[Work instructions]:
All the lines below need to be output exactly, apart from any images.
*** Given data Section Begins ***
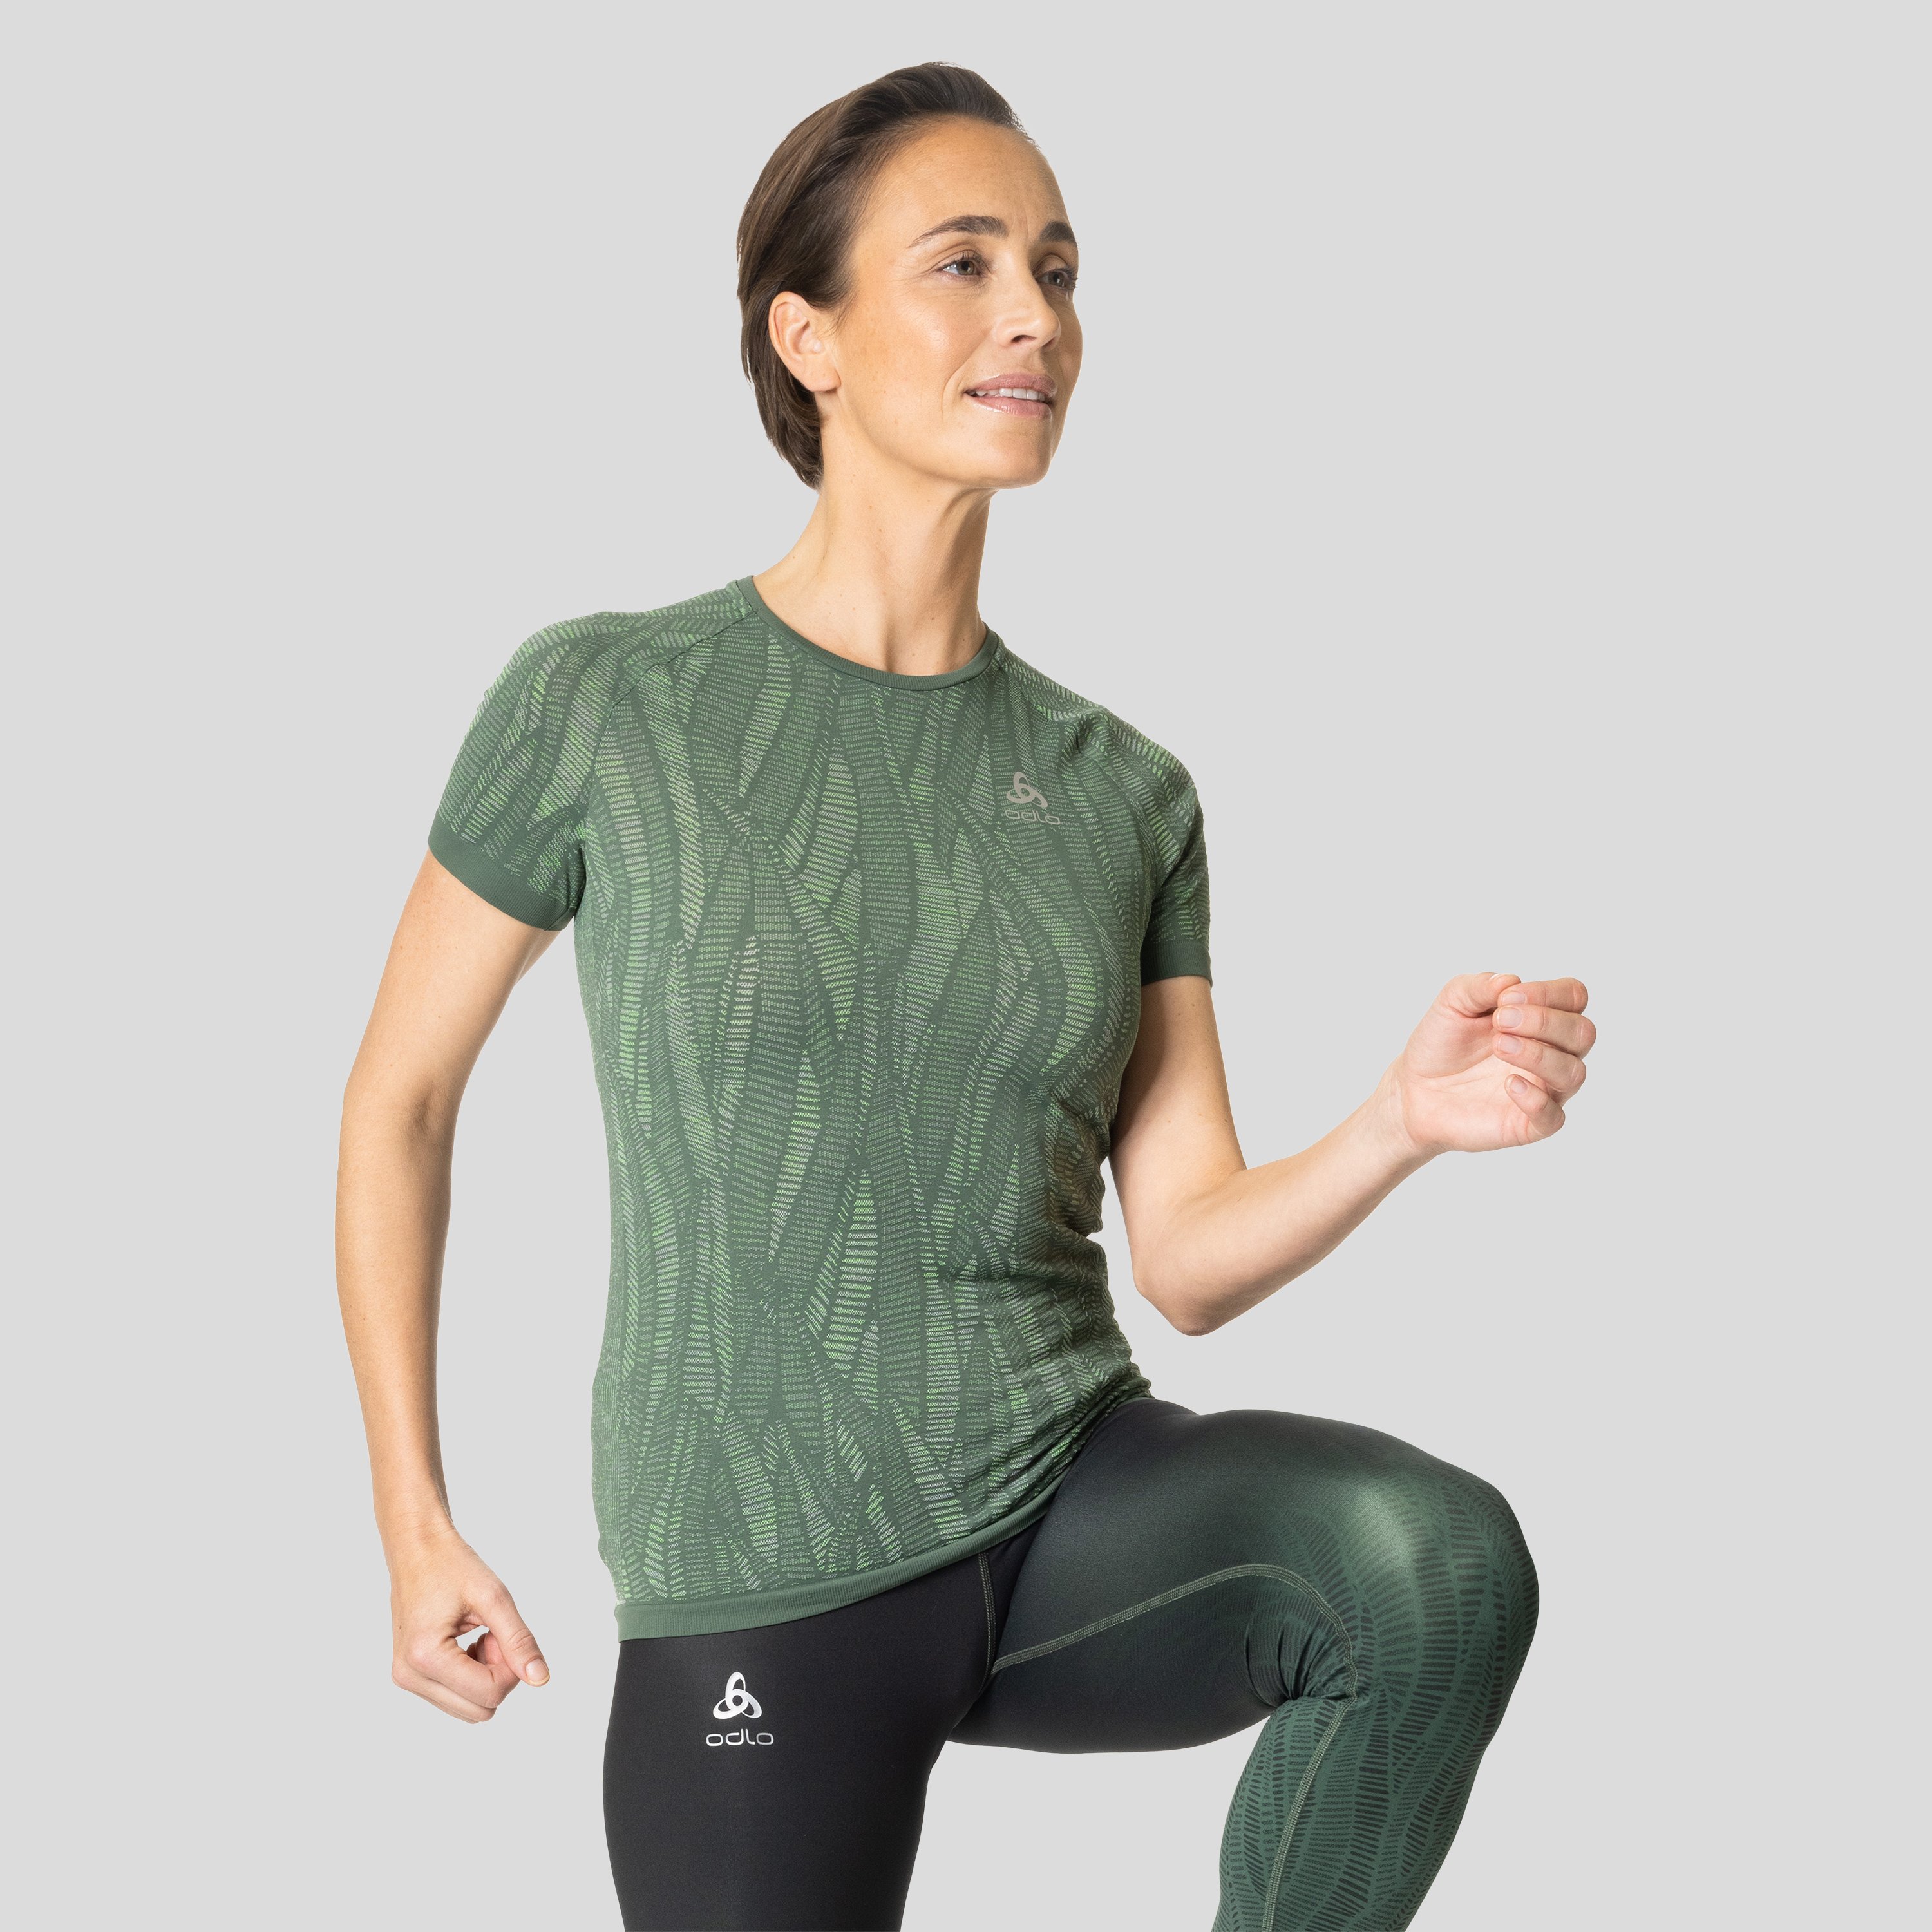 ODLO Zeroweight Ceramicool Laufshirt für Damen, XL, grün
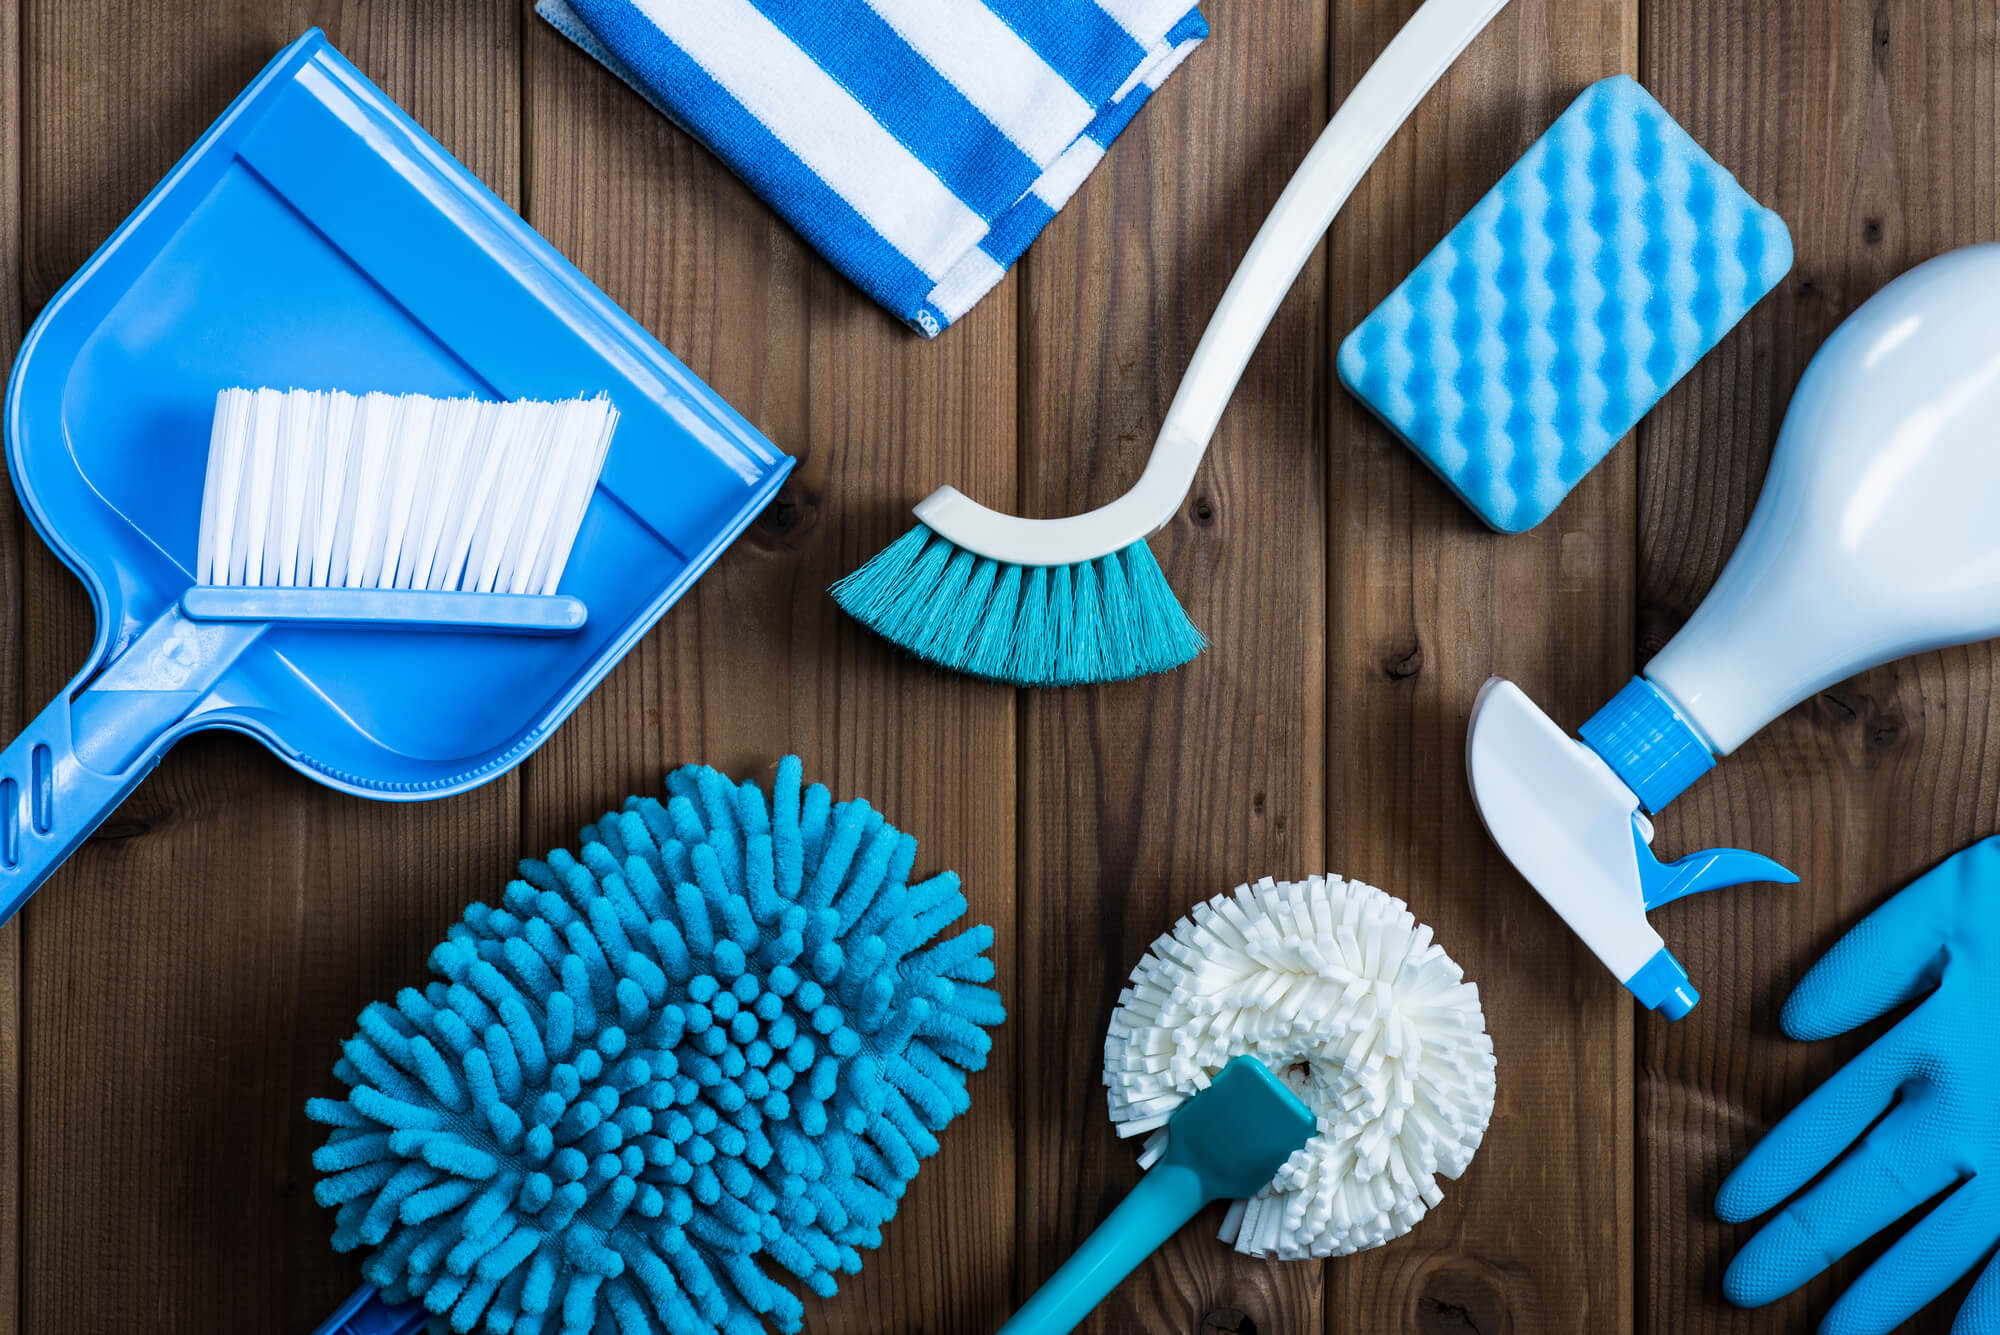 ゴミ屋敷の掃除の仕方とは？ 自分で掃除するか、業者に依頼するか
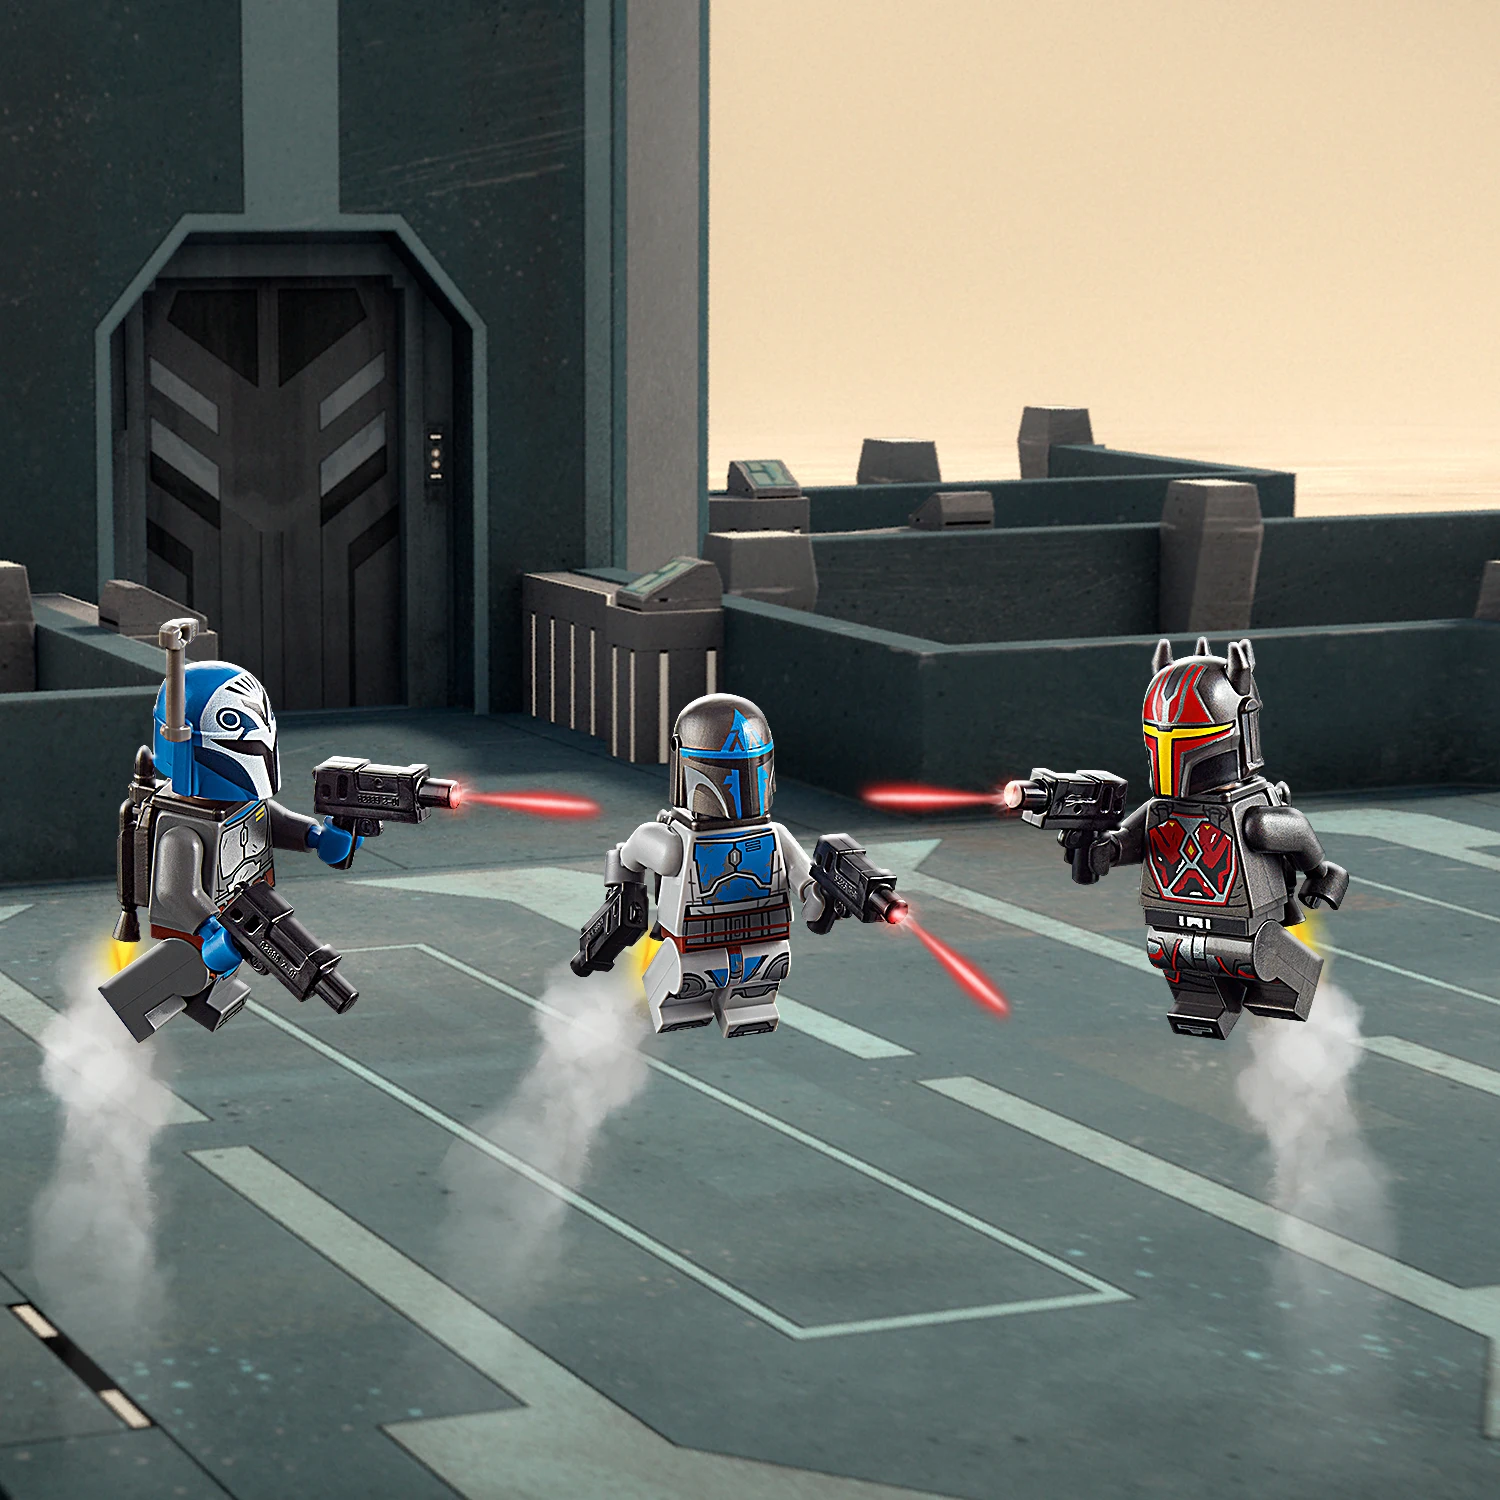 Конструктор LEGO Star Wars 75316 Звездный истребитель мандалорцев | Игрушки и хобби
*** Given data Section Ends ***
[Task response]:
 ODLO Zeroweight Ceramicool Laufshirt für Damen, XL, grün
 ゴミ屋敷の掃除の仕方とは？ 自分で掃除するか、業者に依頼するか
 Конструктор LEGO Star Wars 75316 Звездный истребитель мандалорцев | Игрушки и хобби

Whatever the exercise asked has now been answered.